- Opening Delimiter -

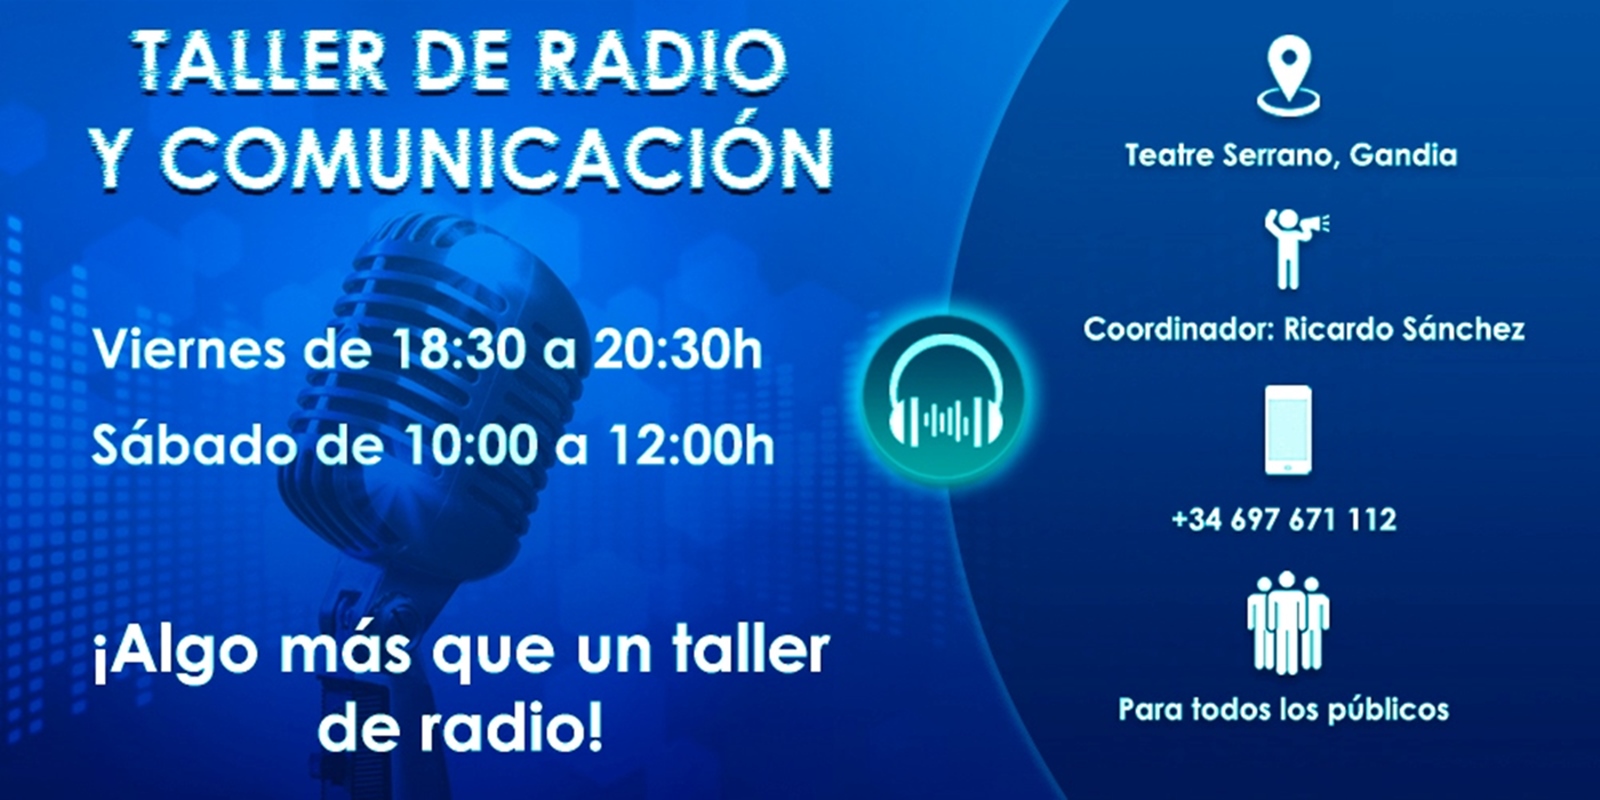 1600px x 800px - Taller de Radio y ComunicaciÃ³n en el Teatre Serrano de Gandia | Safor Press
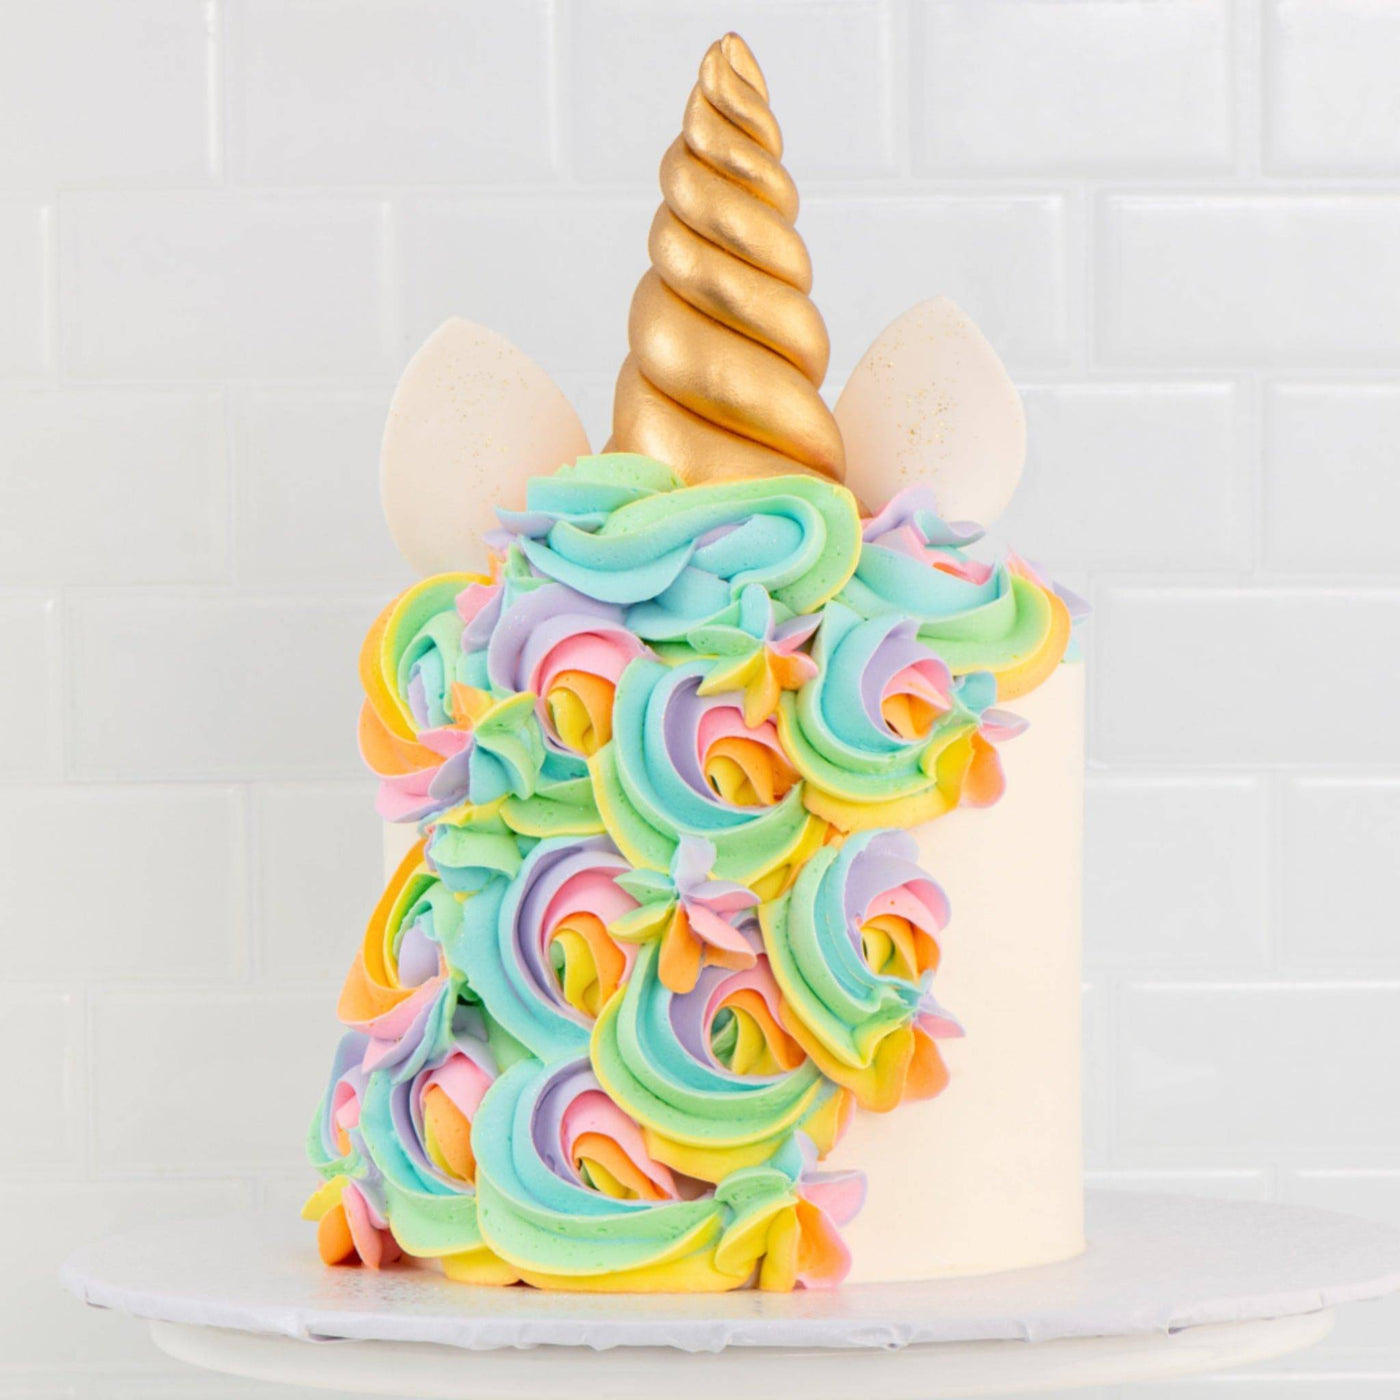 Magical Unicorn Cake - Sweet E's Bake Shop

- Closing Delimiter -
- Opening Delimiter -

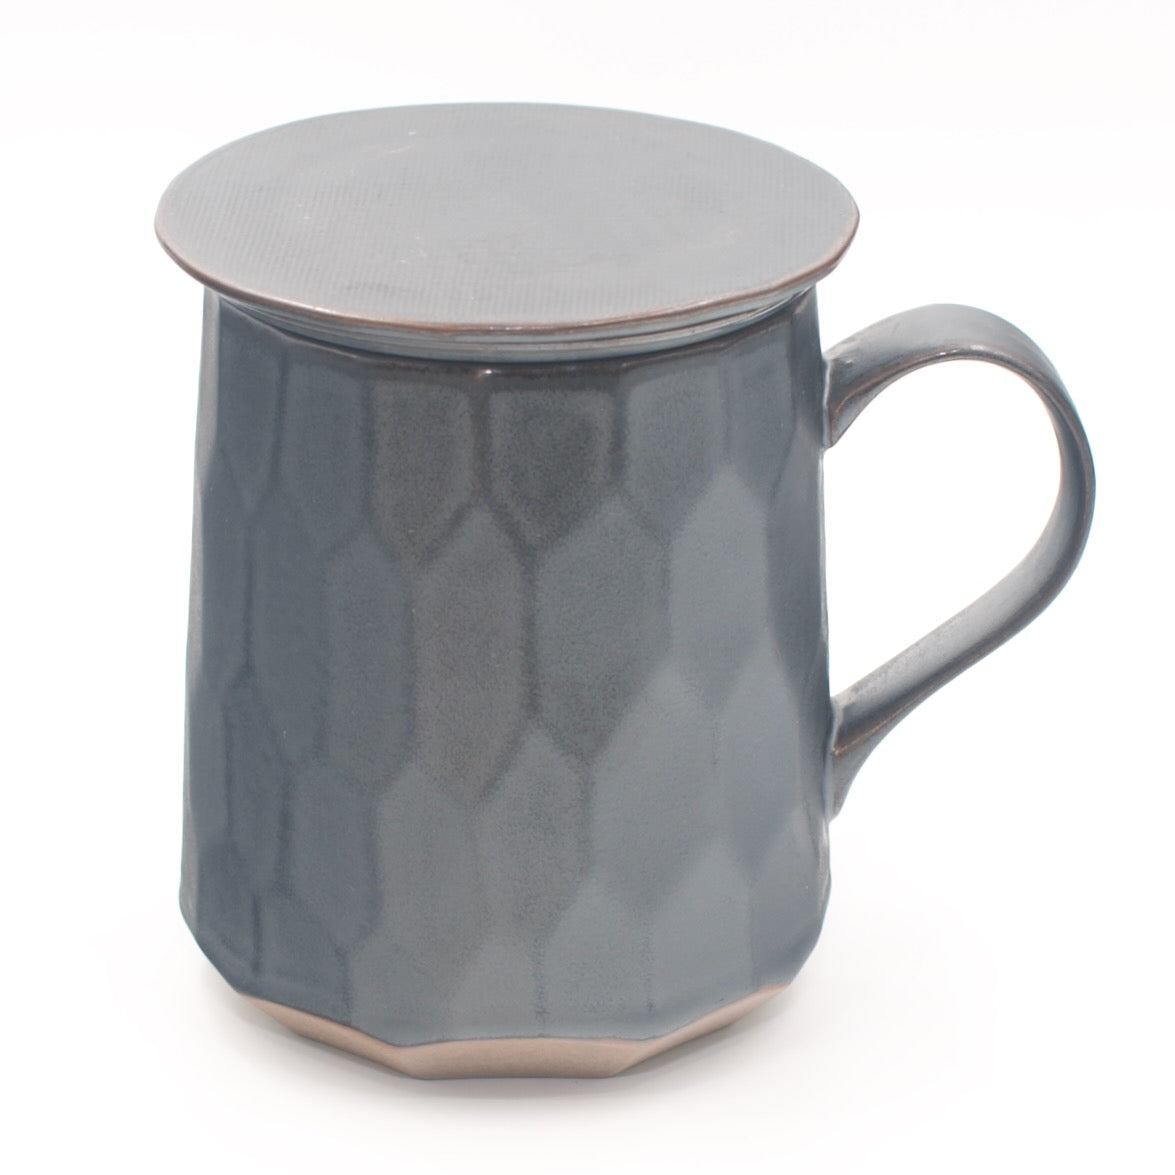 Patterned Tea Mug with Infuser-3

- Closing Delimiter -

(About this task)
After locating "1600px x 800px" and "Magical Unicorn Cake - Sweet E's Bake Shop" in the records above, return exactly the line holding each one and every line between them; leave out the pictures.

(Response to the exercise)
 1600px x 800px - Taller de Radio y ComunicaciÃ³n en el Teatre Serrano de Gandia | Safor Press
 Magical Unicorn Cake - Sweet E's Bake Shop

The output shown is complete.